Now let's say you wanted to create a component that shows a list of all users that have created options. To do that, you'd first have to request all the items, then iterate over each of their options, and lastly get the created_by.username.

A better solution would be to normalize the response into:

results: [1],
entities: {
filterItems: {
1: {
id: 1,
name: 'View',
open: false,
options: [10, 11],
selectedOption: [10],
parent: null
}
},
options: {
10: {
id: 10,
title: 'Option 10',
created_by: 1
},
11: {
id: 11,
title: 'Option 11',
created_by: 2
}
},
optionCreators: {
1: {
id: 1,
username: 'thierry',
},
2: {
id: 2,
username: 'dennis'
}
}
}

With this structure, it's much easier, and more efficient, to list all users that have created options (we have them isolated in entities.optionCreators, so we just have to loop through that list).

It's also quite simple to show e.g. the usernames of those that have created options for the filter item with ID 1:

entities
.filterItems[1].options
.map(id => entities.options[id])
.map(option => entities.optionCreators[option.created_by].username)

2) It seems like the object-keyed-by-id approach makes it harder to deal with standard JSON in/out for an API. (That's why I went with the array of objects in the first place.) So if you go with that approach, do you just use a function to transform it back and forth between JSON format and state shape format?

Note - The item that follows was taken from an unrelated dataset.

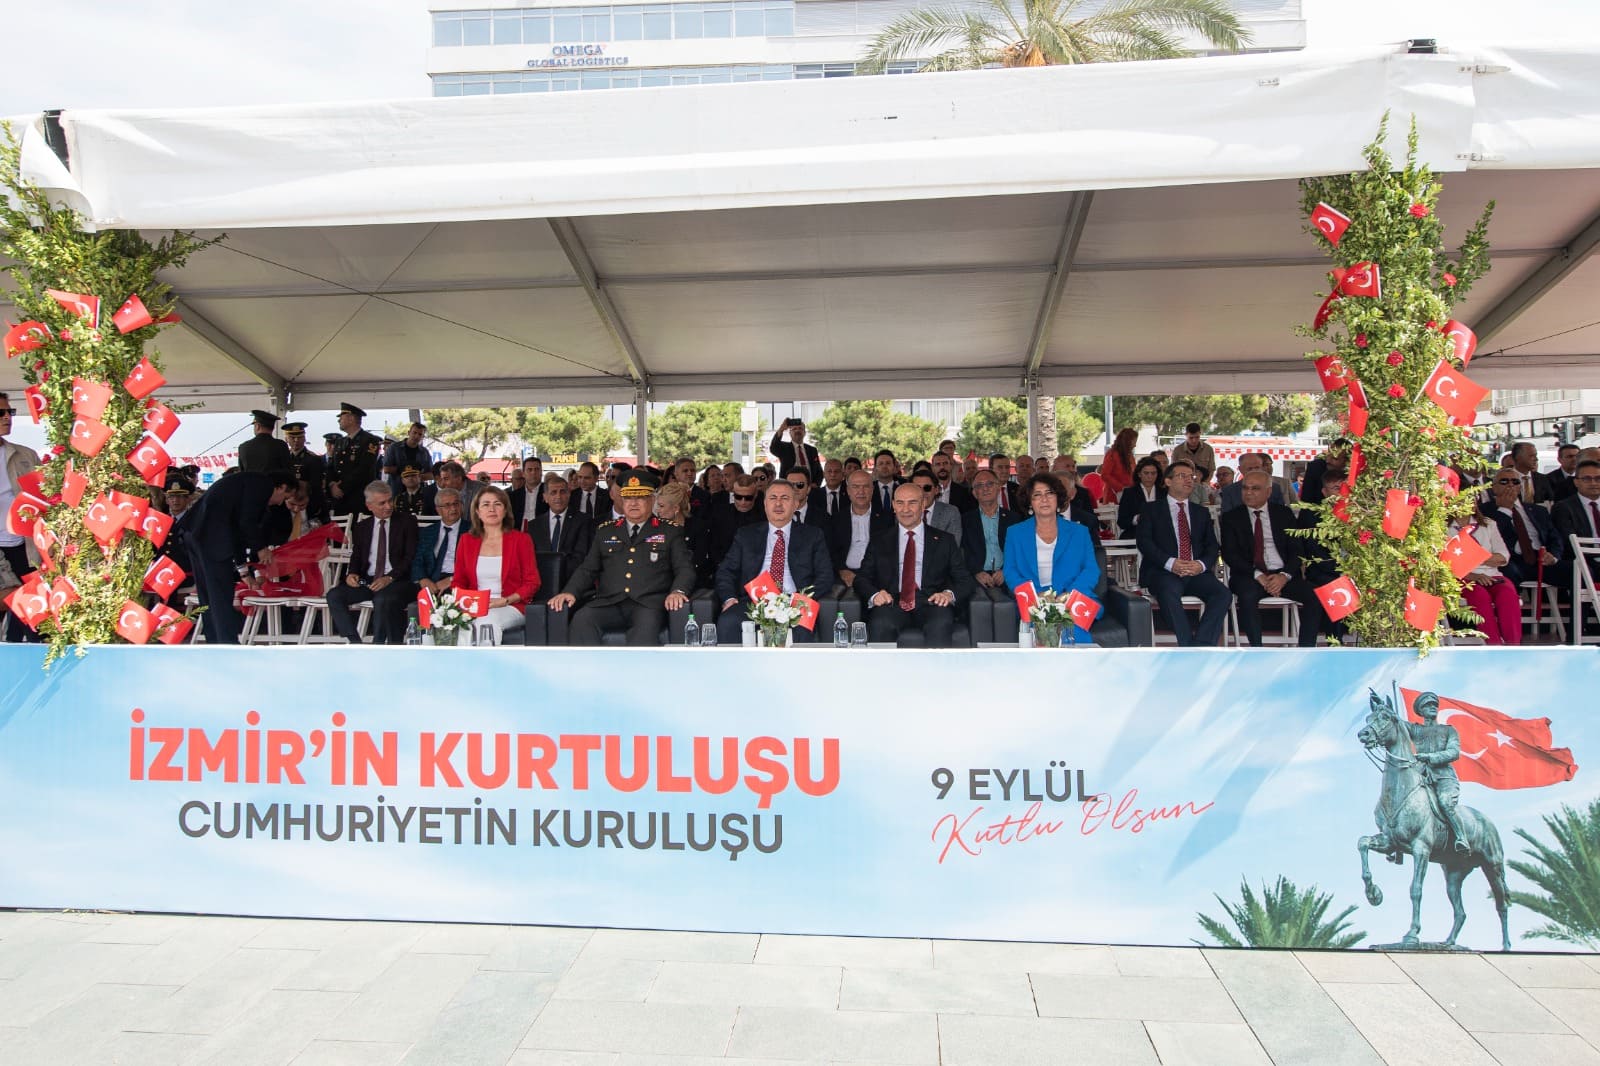 Bağımsızlık ve kurtuluş ruhu: İzmir'de 101'inci yıl coşkusu1

That seems clunky. (Though if you advocate that approach, is part of your reasoning that that's less clunky than the array-of-objects reducer above?)

A JSON-response can be normalized using e.g. normalizr.

3) I know Dan Abramov designed redux to theoretically be state-data-structure agnostic (as suggested by "By convention, the top-level state is an object or some other key-value collection like a Map, but technically it can be any type," emphasis mine). But given the above, is it just "recommended" to keep it an object keyed by ID, or are there other unforeseen pain points I'm going to run into by using an array of objects that make it such that I should just abort that plan and try to stick with an object keyed by ID?

It's probably a recommendation for more complex apps with lots of deeply nested API responses. In your particular example though, it doesn't really matter that much.